Первую неделю он почти не спал по ночам. А если и удавалось ненадолго уснуть, то даже во сне снилось, как просыпается мама, разбуженная его стонами. И как же удивлялся он, когда, действительно просыпаясь, видел Белу-ханум, включающую свет в его комнате. Она садилась на край кровати, склонялась над ним: «…шшшшшш, сейчас пройдет…», а сама думала о том, что вот опять наступила минута, когда она ничем не может помочь сыну. А ведь так уже было: сначала, когда в ящике письменного стола (совершенно случайно, просто порядок наводила) обнаружила шипастый кастет и пакетик с анашой, так испугалась тогда, так испугалась, как ни хотела, а все же позвонила отцу: «Вагиф, срочно приезжай. Что значит сейчас не могу?! В конце концов, это твой сын. Завтра поздно будет», думала — вот, приедет, потолкует на равных, разберется, объяснит все сыну, а он, взрослый, интеллигентный человек, историк, пришел под градусом и давай кулаком проблемы разрешать, даже не ожидала от него такого, ну как можно; или вот еще — когда Афик в Институт искусств поступал на художника-декоратора, такой конкурс был большой, и все ведь, как заведено в Баку, по блату, по тапшу… потом, когда поступил (условно) и после первого же семестра почему-то бросил институт, в армию ушел, потом… Ой, сколько у нее было этих самых «потом», голова уже седая вся, пока внутренне не соберется, к зеркалу не подойдет.

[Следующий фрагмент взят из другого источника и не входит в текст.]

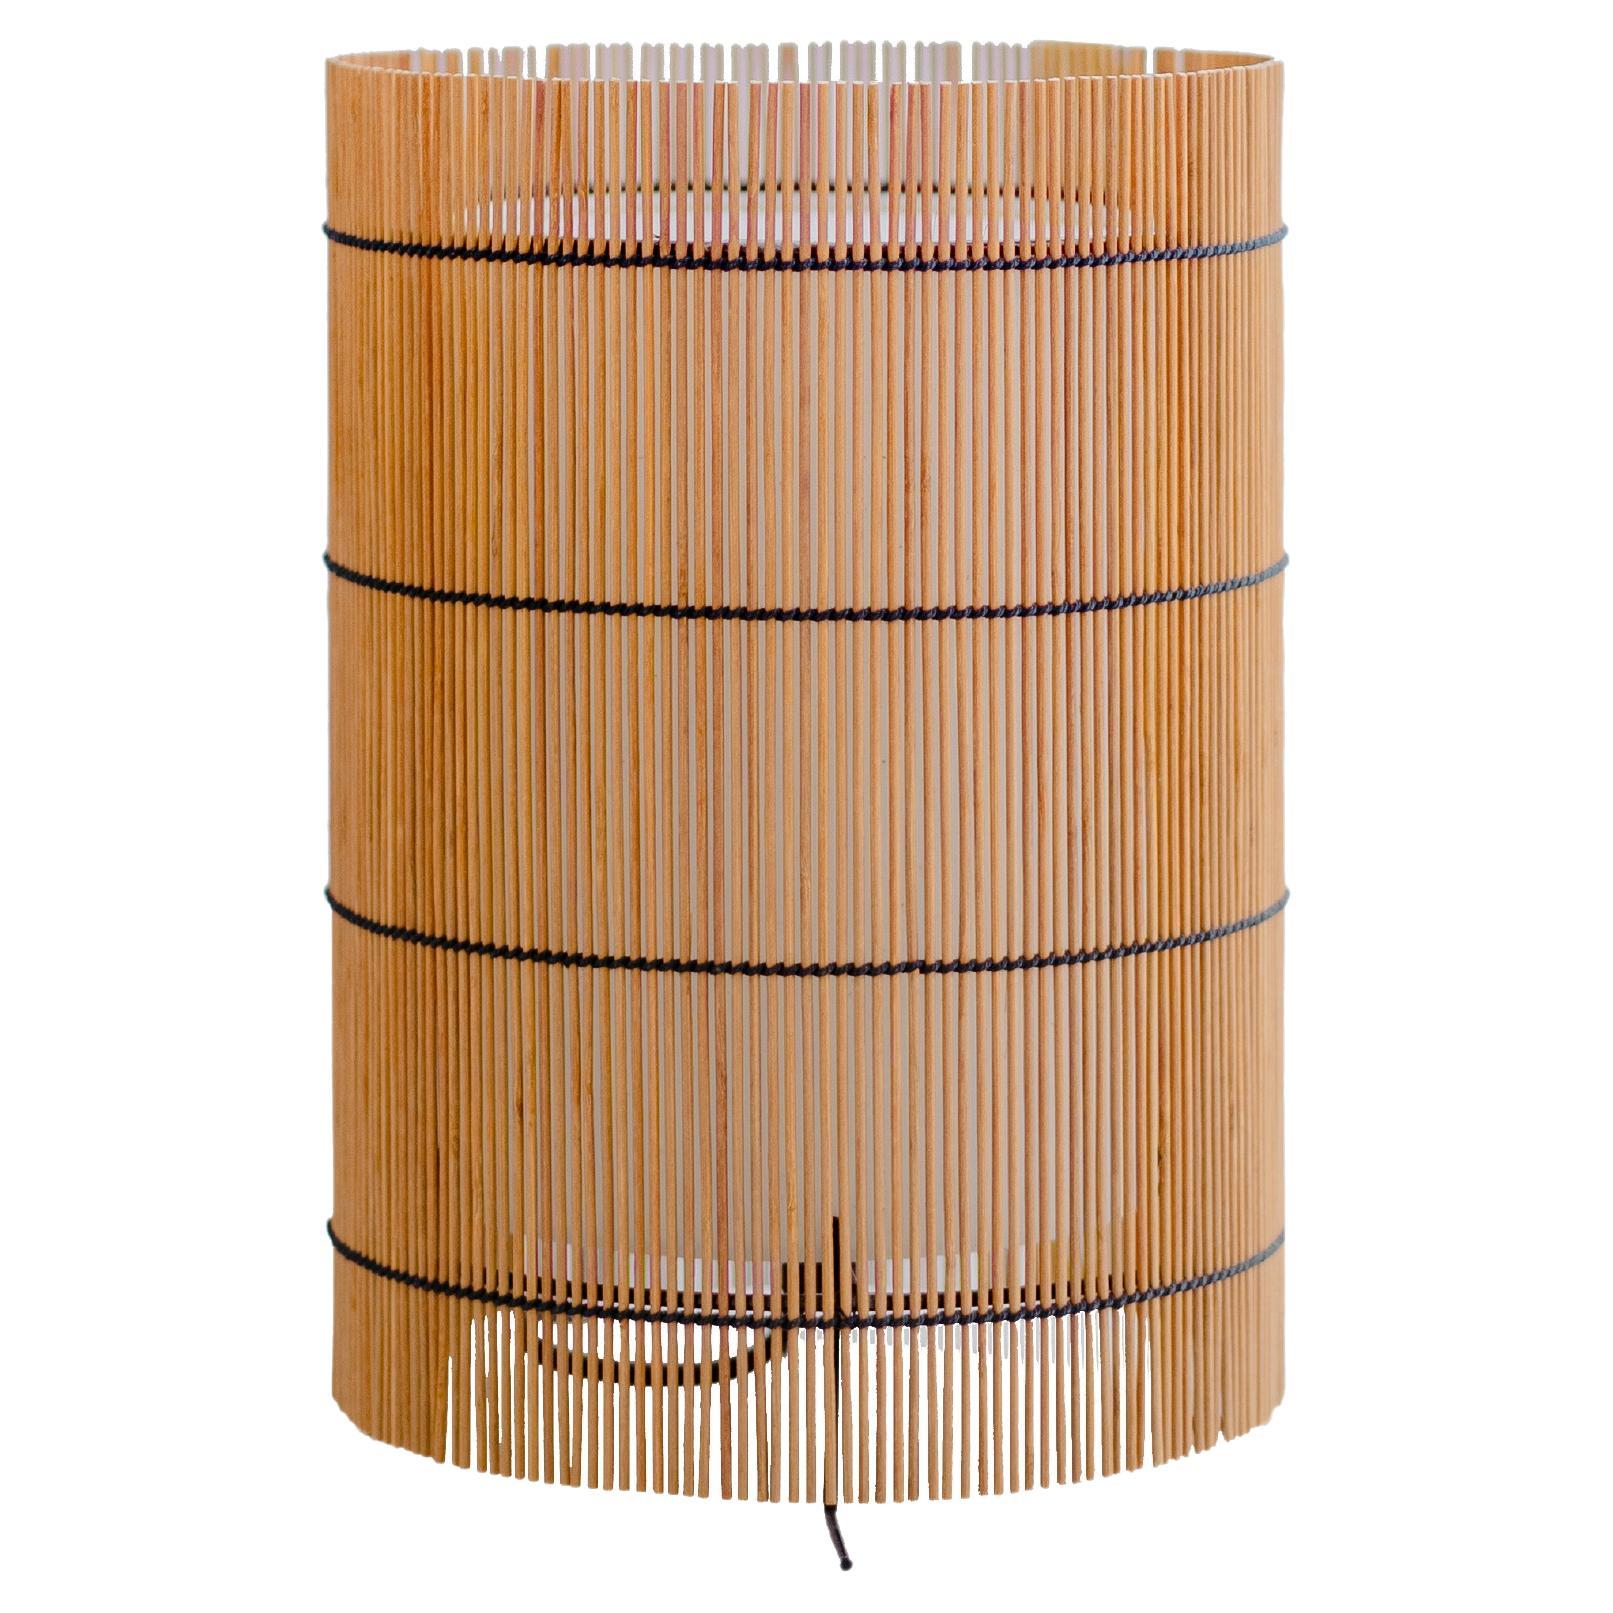 Contemporary, Handmade, Table Lamp M, Bamboo Cherry, by Mediterranean Objects

Афик же в такие минуты почему-то злился на мать: «…была бы у меня женщина с квартирой, отлежался бы у нее. Да-да, вот что мне нужно — элементарную разведеночку, взрослую, серьезную, без комплексов… А то ведь у меня кроме Джамили одни „пацанки“ были, все на лет пять-семь моложе, что с них возьмешь. Хотя зачем я нужен взрослой и серьезной, с моими-то „приколами-понтами“? Но вообще-то, если жениться, тогда, как отец во второй раз, непременно на богатой, со связями, чтобы, открывая холодильник, не стоять с выражением лица, как у Фритьефа Нансена, похоронившего последнюю ездовую собаку, чтобы за обедом сухое вино с медалями, а летом Зугульба или Черное море, машина, компьютер… Нет, право же, я бы тогда на многое глаза закрывал». И вскоре действительно глаза его закрывались. Бела-ханум вставала, поправляла одеяло, тушила свет, уходила в гостиную…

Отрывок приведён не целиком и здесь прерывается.